Verbrechen an mosambikanischen Vertragsarbeitern

Aktualisiert: Aug 5

Für möglichst erfolgreiche Ermittlungen von Verbrechen an ehemaligen mosambikanischen Vertragsarbeitern, wie z.B. dem Tod von Manuel Diogo, sind nicht nur die Auswertung der Stasiakten und Befragung von Zeugen in Deutschland wichtig, sondern auch die Zusammenarbeit mit Zeitzeugen aus dem damaligen Umfeld der Opfer, die längst nach Mosambik zurückgekehrt sind.
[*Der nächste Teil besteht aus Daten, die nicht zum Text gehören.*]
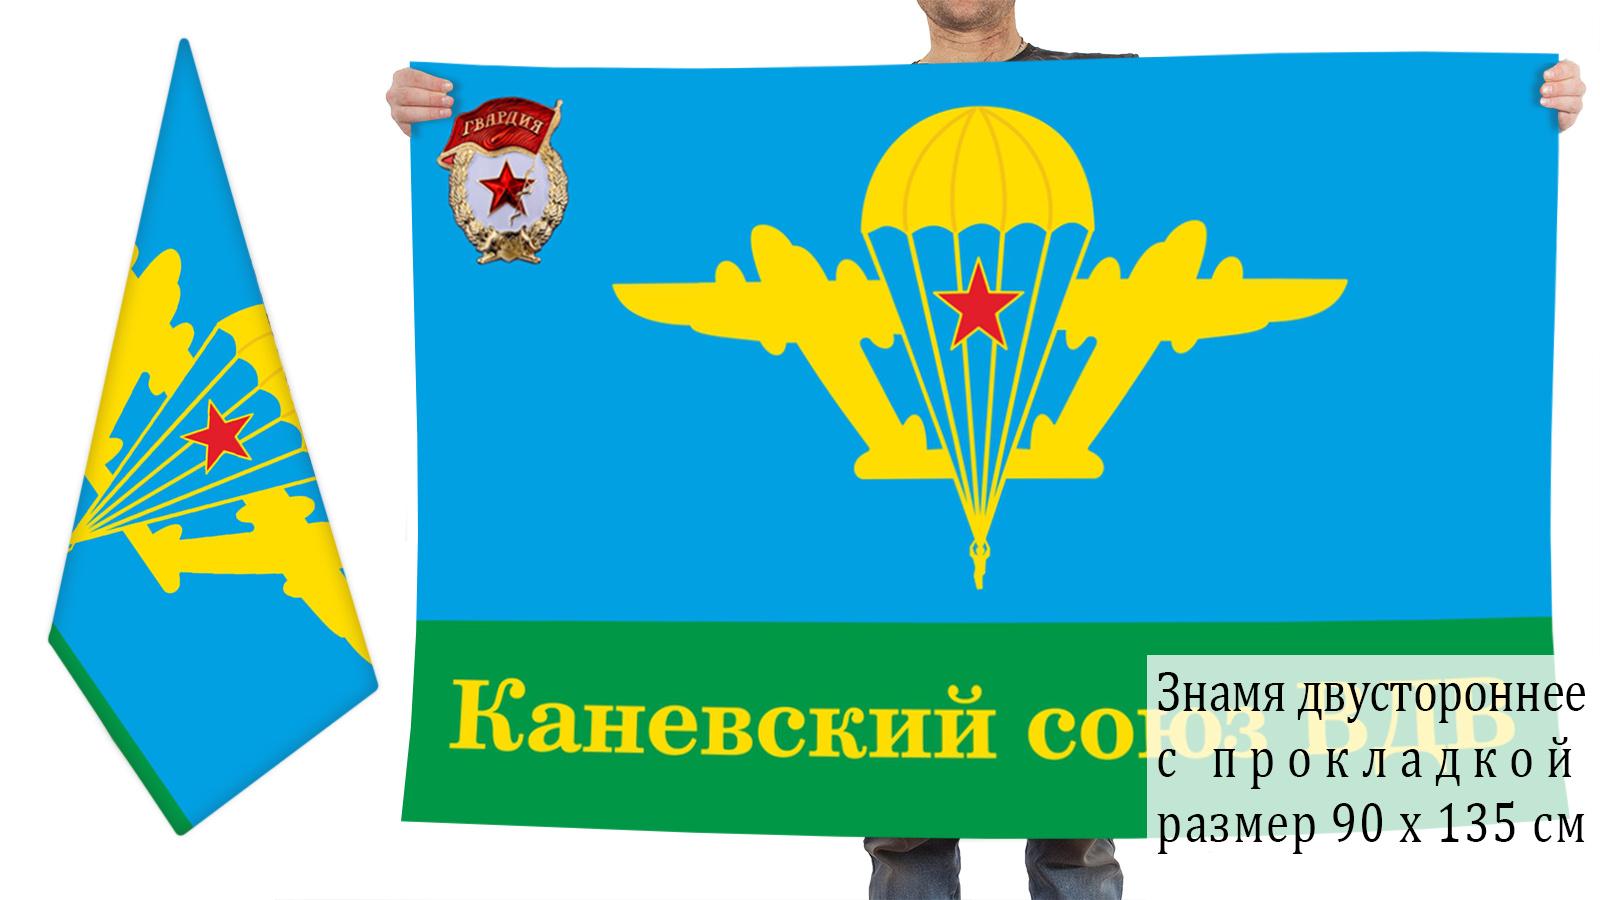 Двусторонний флаг ветеранов ВДВ Канева
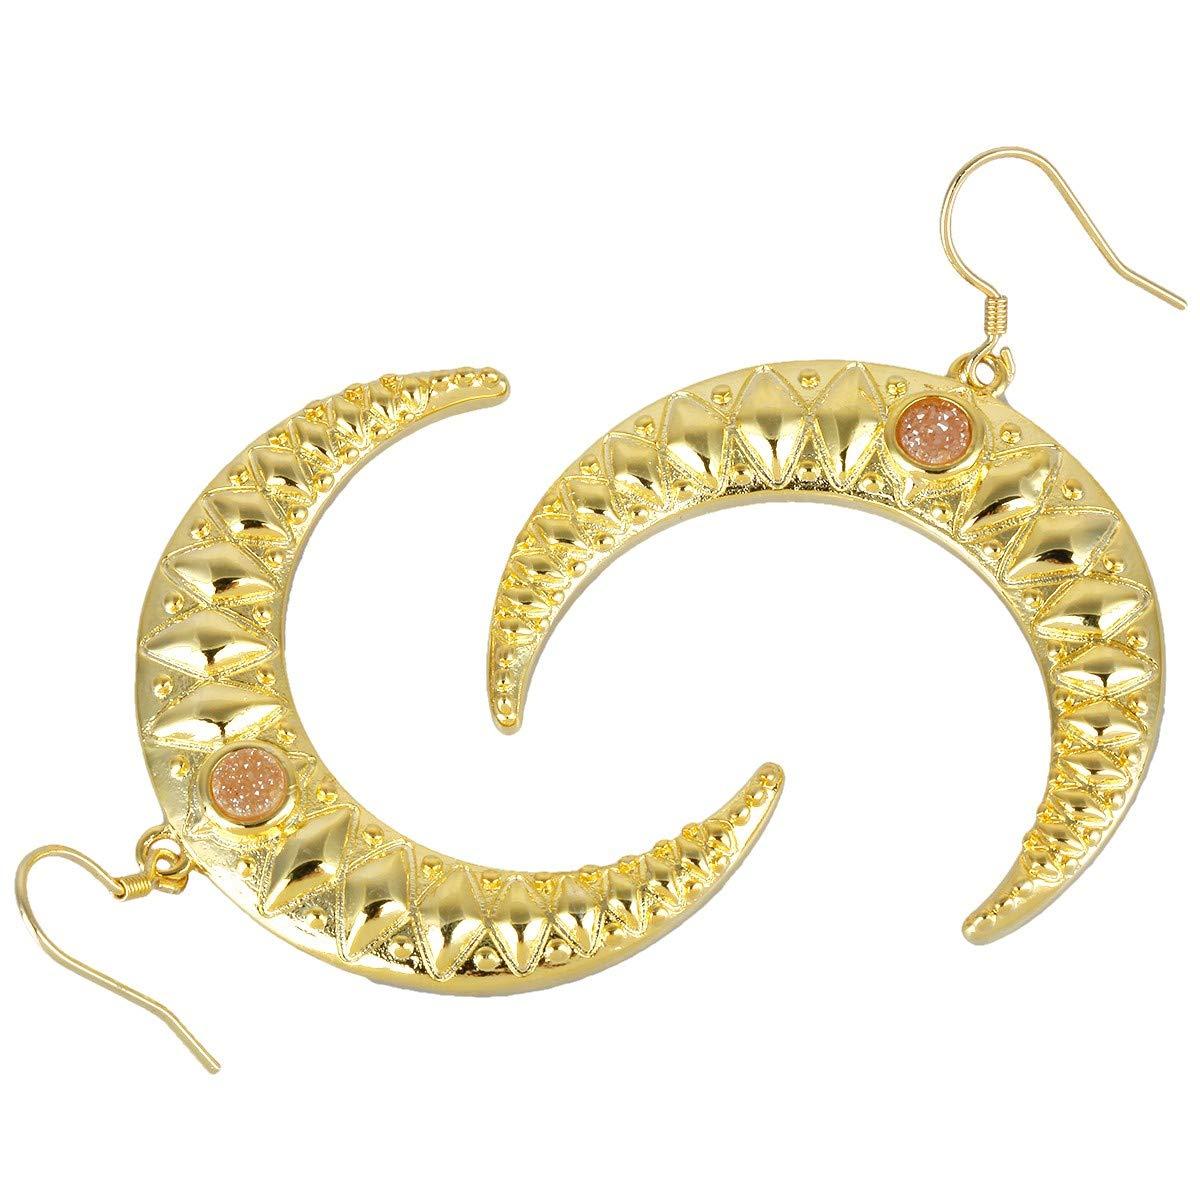 Nupuyai Druzy Crystal Crescent Moon Drop Earrings for Women Double Horn Dangle Hook Earrings for Girls

Wir hatten hier in Mosambik bereits 1991 die Organisation der DDR-Rückkehrer ADECOMA und die Initiative WIEDERSEHEN-REENCONTRO gegründet. Bei der gemeinnützigen Vereinigung waren bis zum Brandanschlag auf unser Büro im November 1994 in Maputo über 2 Tausend ehemalige Vertragsarbeiter und Schüler der Schule der Freundschaft registriert, unter ihnen auch ehemalige Arbeitskollegen und Freunde von Manuel Diogo.


Als wir in Maputo vor drei Jahren im ICMA im Rahmen unseres Film-Forums die Dokumentation "Schatten auf der Völkerfreundschaft" aufführten, um danach über Rassismuserfahrungen im ehemaligen SED-Staat zu diskutieren, war auch Lucas Nzango anwesend, ein ehemaliger Arbeitskollege von Manuel.


Später beteiligte sich Lucas Nzango auch an den Filmaufnahmen zum zweiten Teil der Dokumentation und wurde vom Leiter des ICMA, Roland Hohberg, für unseren Kanal ICMA-TV interviewt:


Der angekündigte zweite Teil des Interviews konnte nicht produziert werden. Das ICMA wurde geschlossen. Aus dem Studio des ICMA-Leiters wurden die Kamera und das Mac Book mit der Editing-Software gestohlen.


Im Februar 2019 sollten Lucas Nzango und Roland Hohberg als Redner auf der Magdeburger Tagung "Respekt und Anerkennung" sprechen, wurden dann jedoch von den Veranstaltern ausgeladen.



So wird in diskriminierender, menschenverachtender Weise bis heute eine Aufarbeitung der Vergangenheit der ehemaligen Vertragsarbeiter und Studenten der Schule der Freundschaft verhindert.